2 thoughts on “Music isn’t music anymore”

  1. Alexander,

    I would like to share a general comment and question.

    I think that the most deplorable misunderstanding that seems to accompany all systematic and disciplinary attempts to interpret art (and music in particular) is a failure to grasp that the truly defining feature of all art is its built-in resistance to interpretation. Pierre Boulez, speaking as a composer, has said that there is an “impenetrable kernel of darkness” (un noyau infracassable de nuit) at the heart of the activity of composition, and I suggest that this also characterizes our experience of music as listeners.
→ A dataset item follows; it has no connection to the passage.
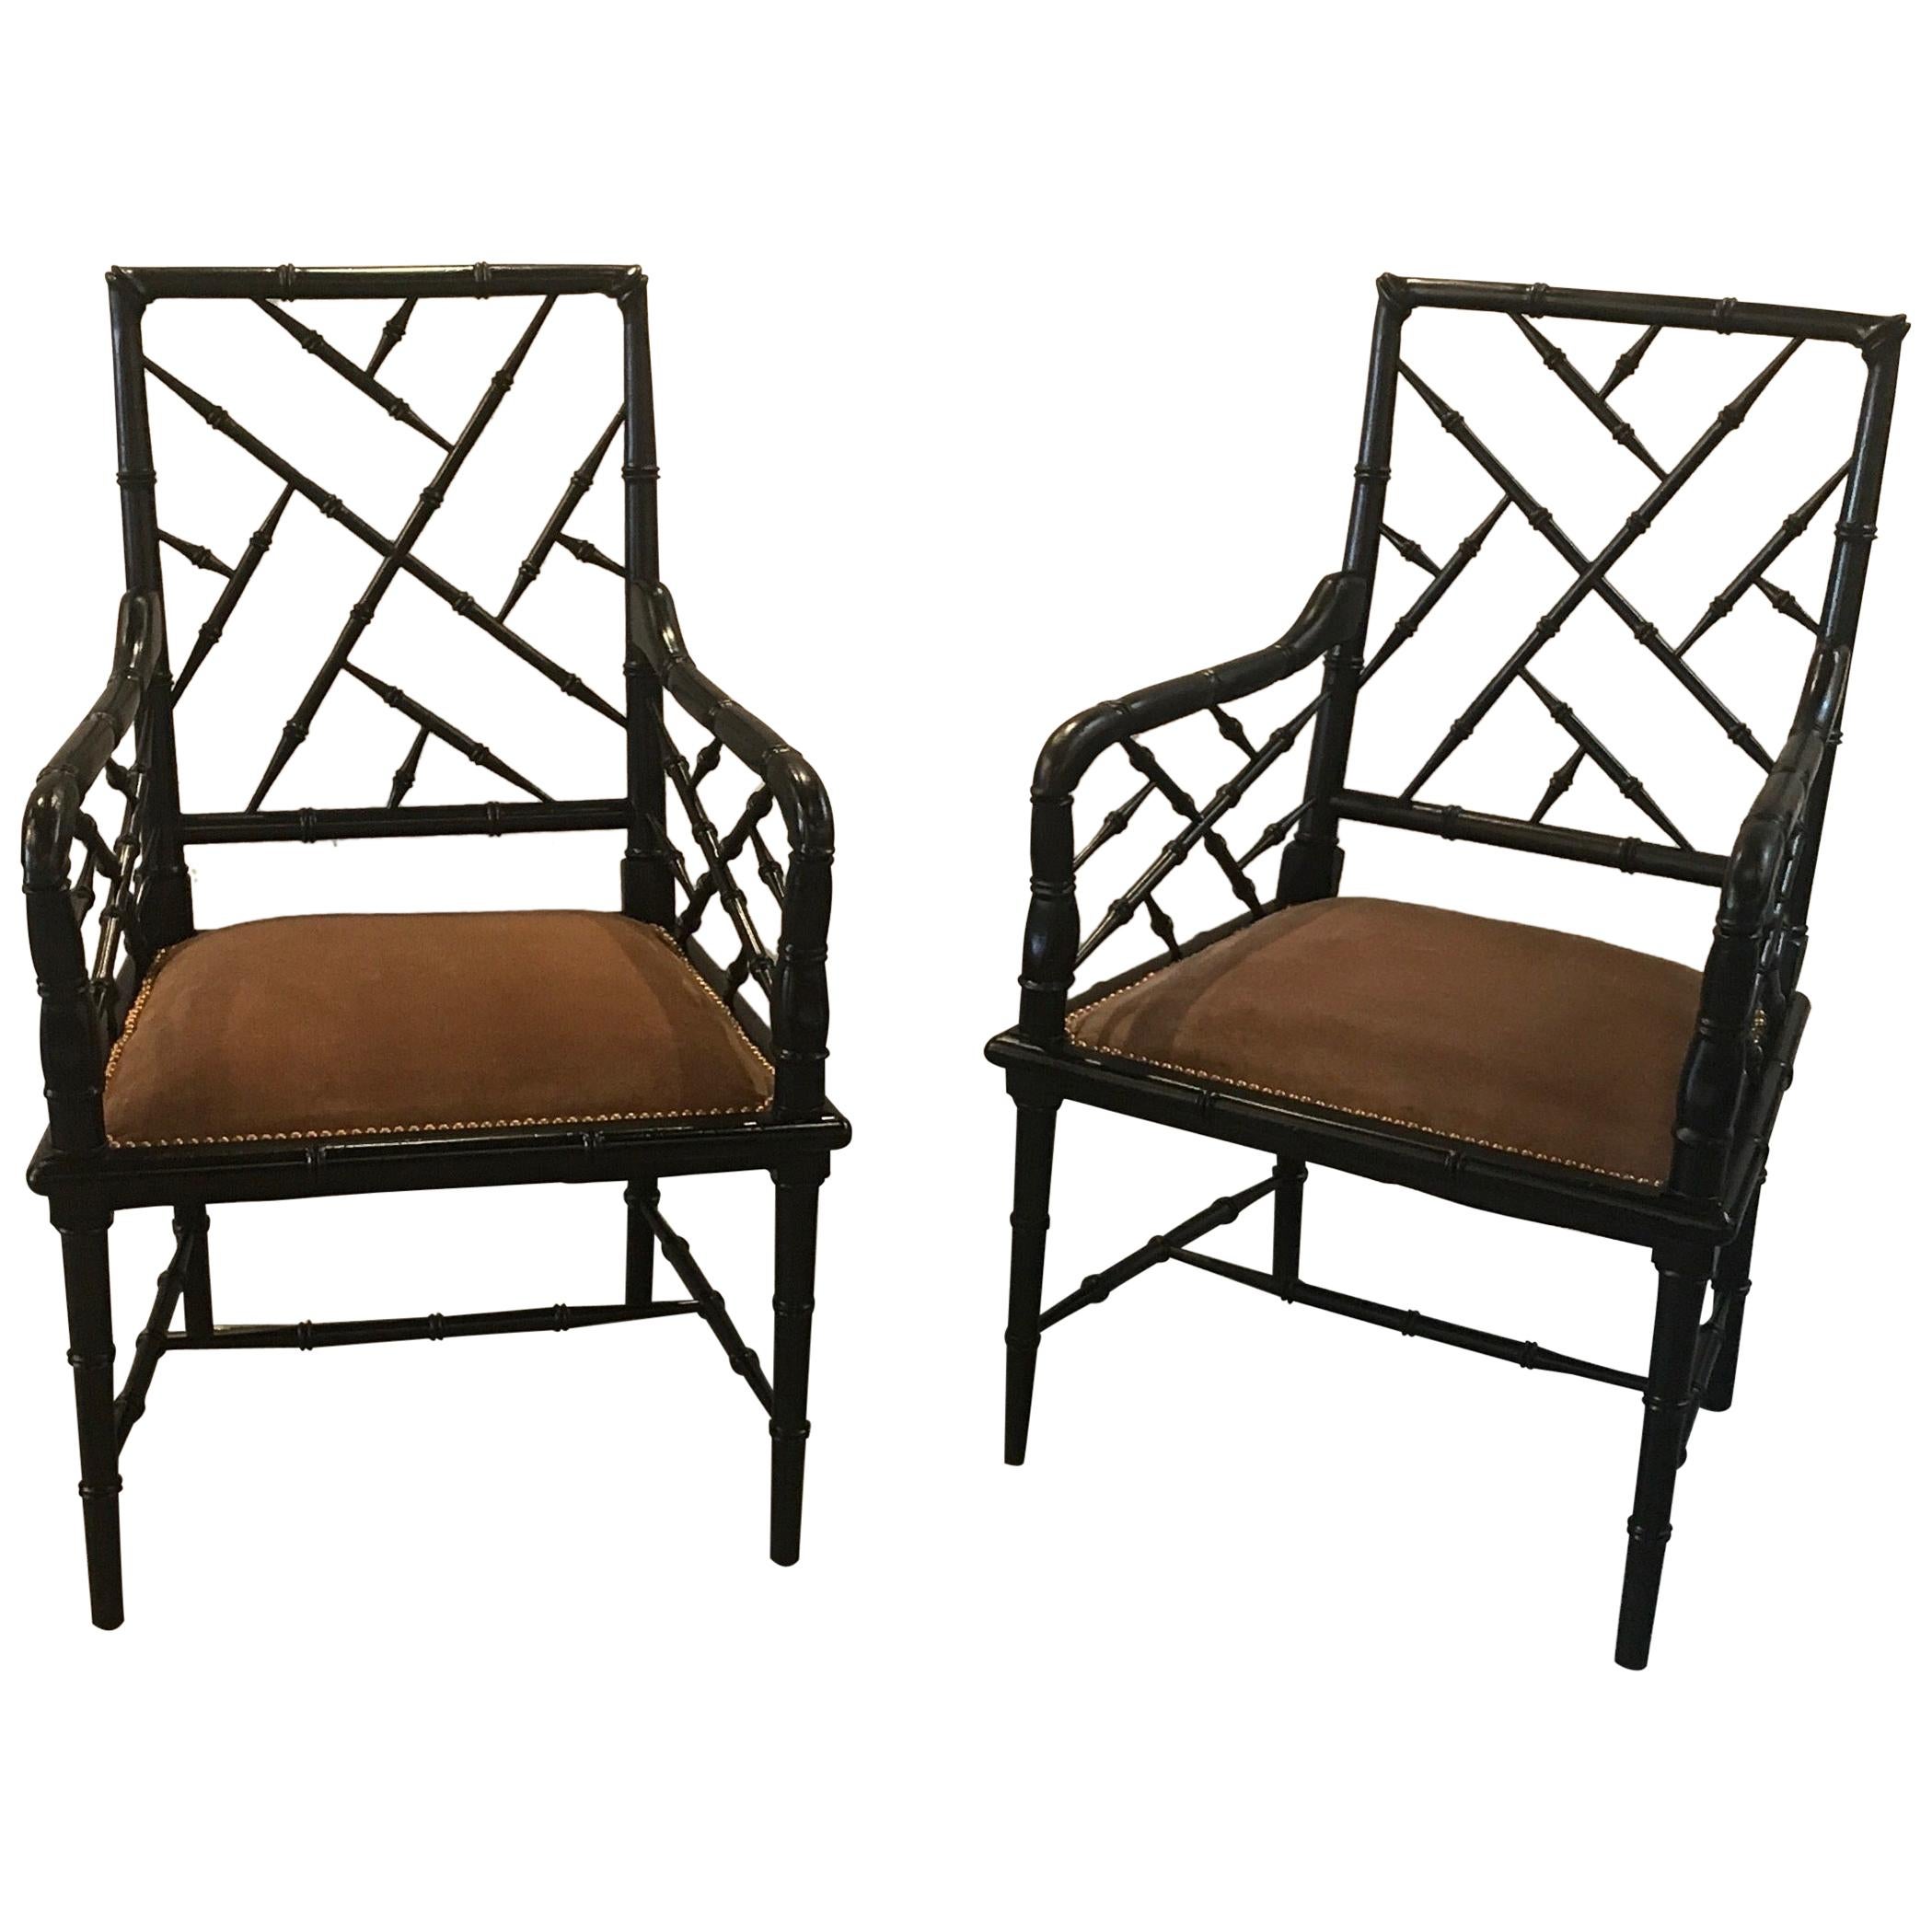 Pair of Hollywood Regency Ebonized Wood Accent Chairs

    The most difficult thing to grasp about music (and indeed about any artwork) is that there always remains something that resists our attempt to comprehend it fully, if by the word ‘comprehend’ you mean to discover the correct answer, or the solution to a problem. We might think we’ve understood all there is to understand about a piece, especially as musicologists or philosophers, or indeed even as performers and interpreters, but if we’re honest, when we turn back to the piece we realize with some trepidation that we have not really understood or explained anything substantial about it at all. The piece appears before us as if we had never really heard it before. It seems to me that ‘musical understanding’ (as opposed to ‘understanding music’) is a constantly expanding process through an accumulation of experience (which is, of course, partly cultural, but also partly an accumulation of personal experiences). In a very real sense, therefore, we ‘learn’ how to listen to music as an open-ended and continuing process.

    If our experience remains open to change, how can we ever feel that we have fully comprehended a piece of music?
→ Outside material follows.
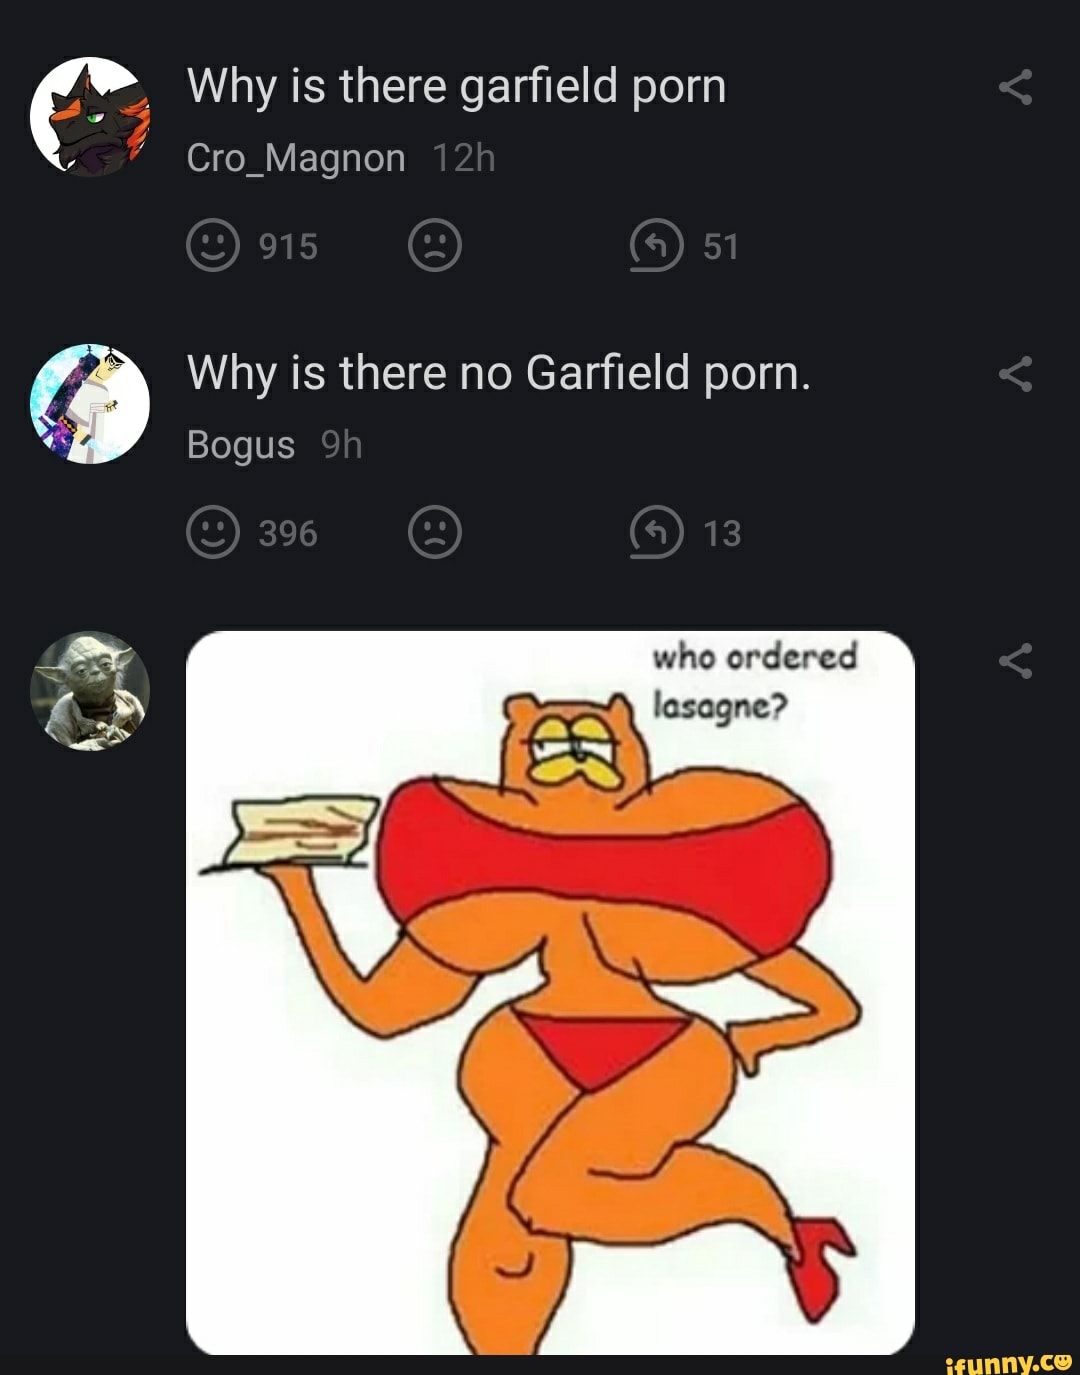 1080px x 1375px - Why is there garfield porn 915 51 Cro_Magnon Why is there no Garfield porn.  Bogus 396 13 who ordered lasagne? - iFunny :)

    1. The short answer is, we can’t. A lower system can’t fully comprehend a higher one, and not just in music. For a performer, and especially a listener, to get into a composer’s mind, he has to be equal to the composer in talent and intellect. I know of only one instrumentalist, Glenn Gould, who approached that level, but ‘approached’ is the operative word. However, that’s what makes listening to a great performance so fascinating. What we hear isn’t truth found, but truth sought (provided of course, and this is an increasingly rare proviso, that the performer is actually seeking truth, rather than just fame and money). And, since the objective truth, that of every nuance of the composer’s intent, is unattainable, we are treated to so many subjective truths, those perceived as such by the player. And both a player and his audience are even more a product of his time than a composer was. That’s why, for example, I despise all those ‘authentic’ ensembles: we listen — are supposed to listen — to 18th-century music with 21st-century ears. An attempt to override this natural process is just a commercial gimmick. I don’t know if this is any help, and I apologise if it isn’t.